Provided data: Begin

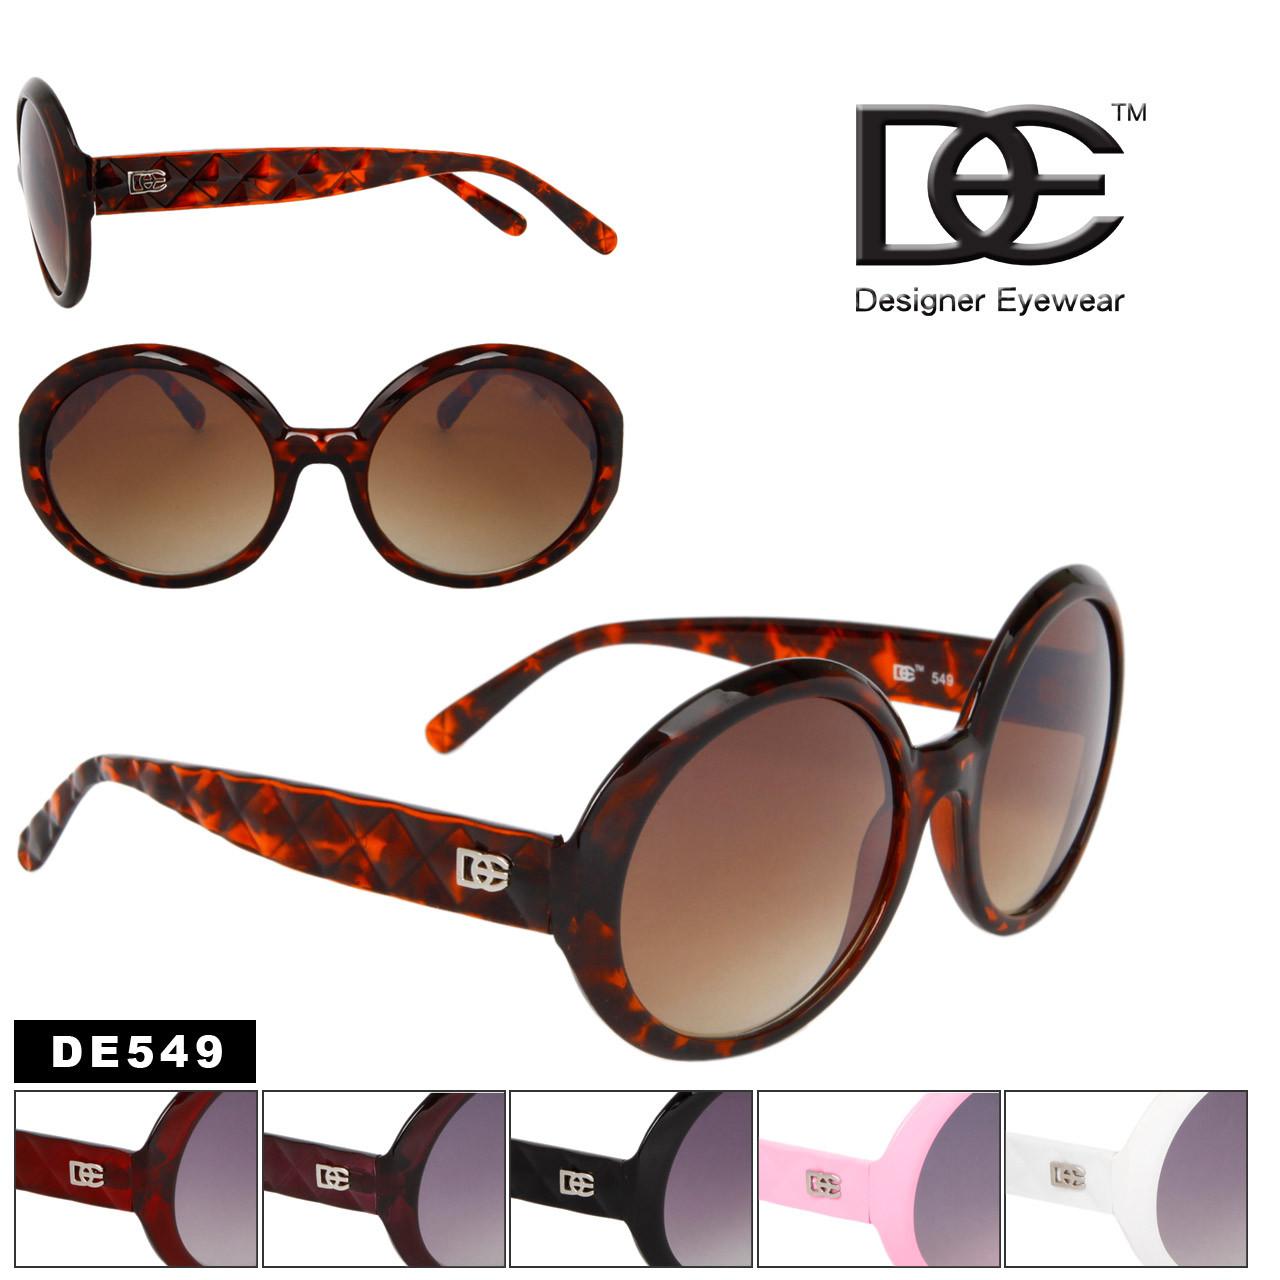 DE549 Vintage Women's Sunglasses
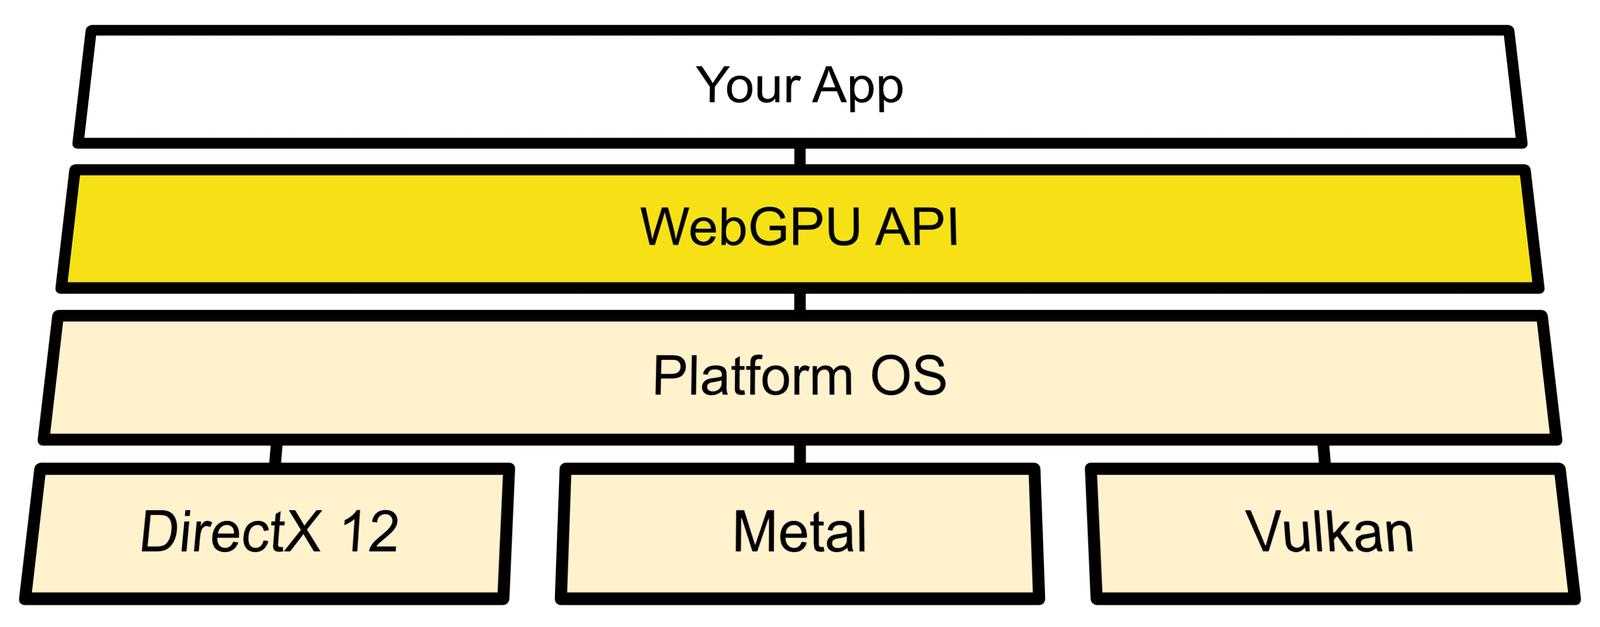 WebGPU
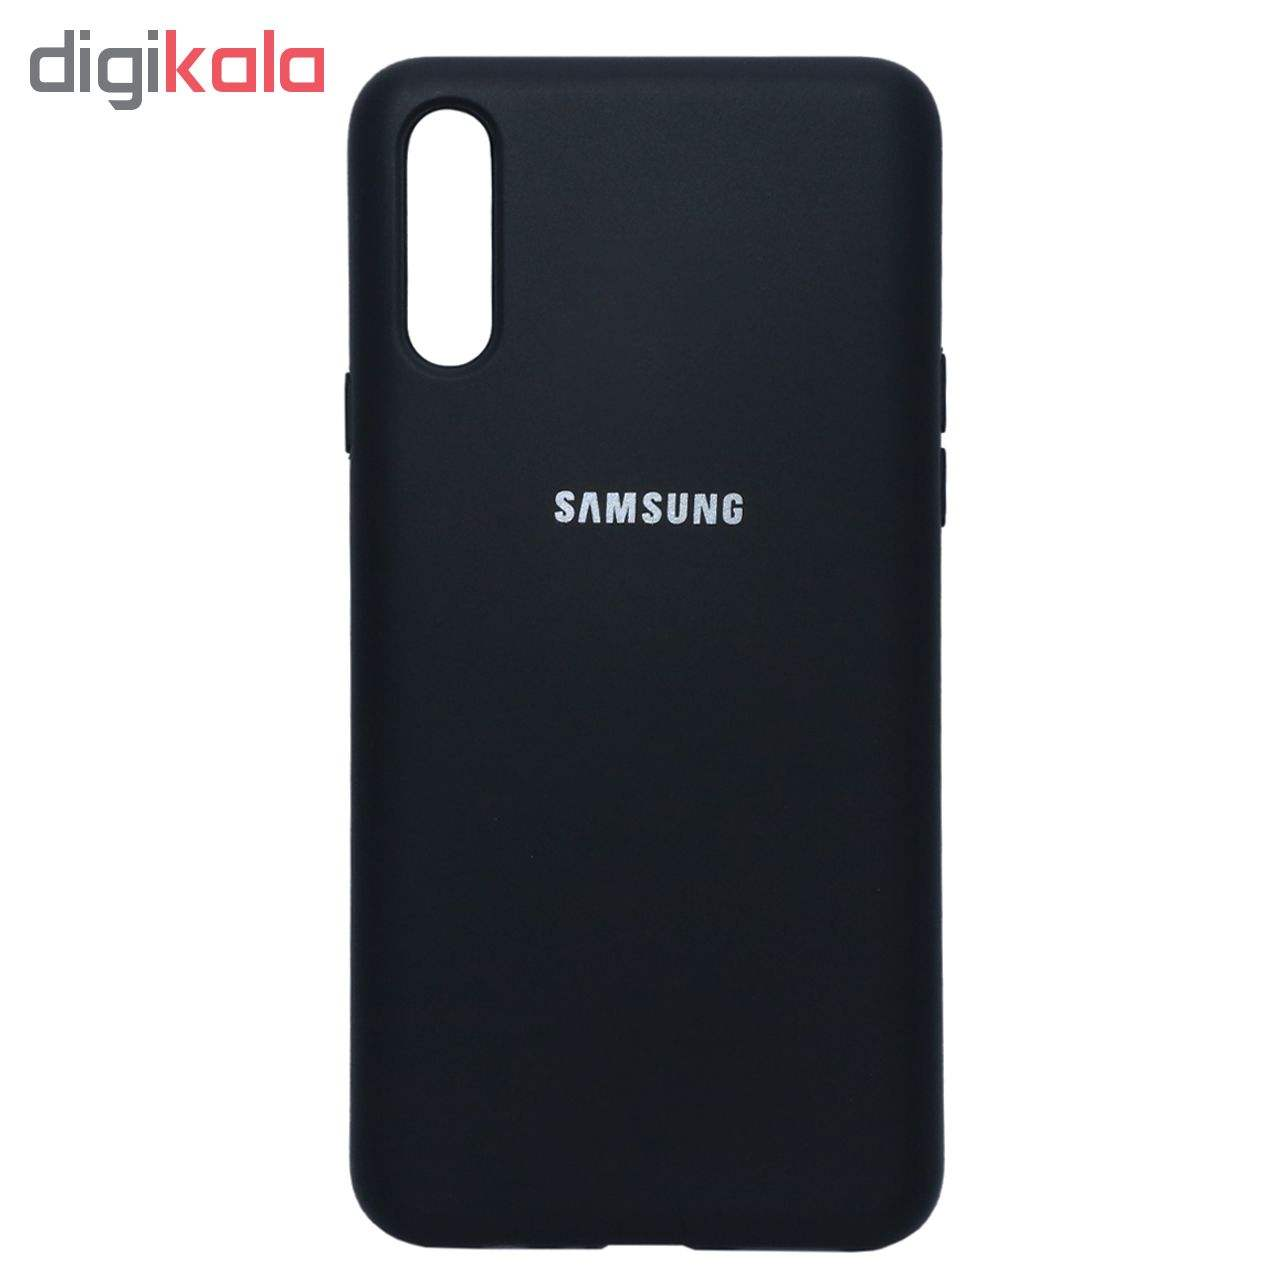 کاور مدل Sic-001 مناسب برای گوشی موبایل سامسونگ Galaxy A50/A30s/A50s main 1 1

Provided data: End

* What you have to do *
Omit the pictures and repeat the rest of the listing verbatim.

* Written solution *
 DE549 Vintage Women's Sunglasses
 WebGPU
 کاور مدل Sic-001 مناسب برای گوشی موبایل سامسونگ Galaxy A50/A30s/A50s main 1 1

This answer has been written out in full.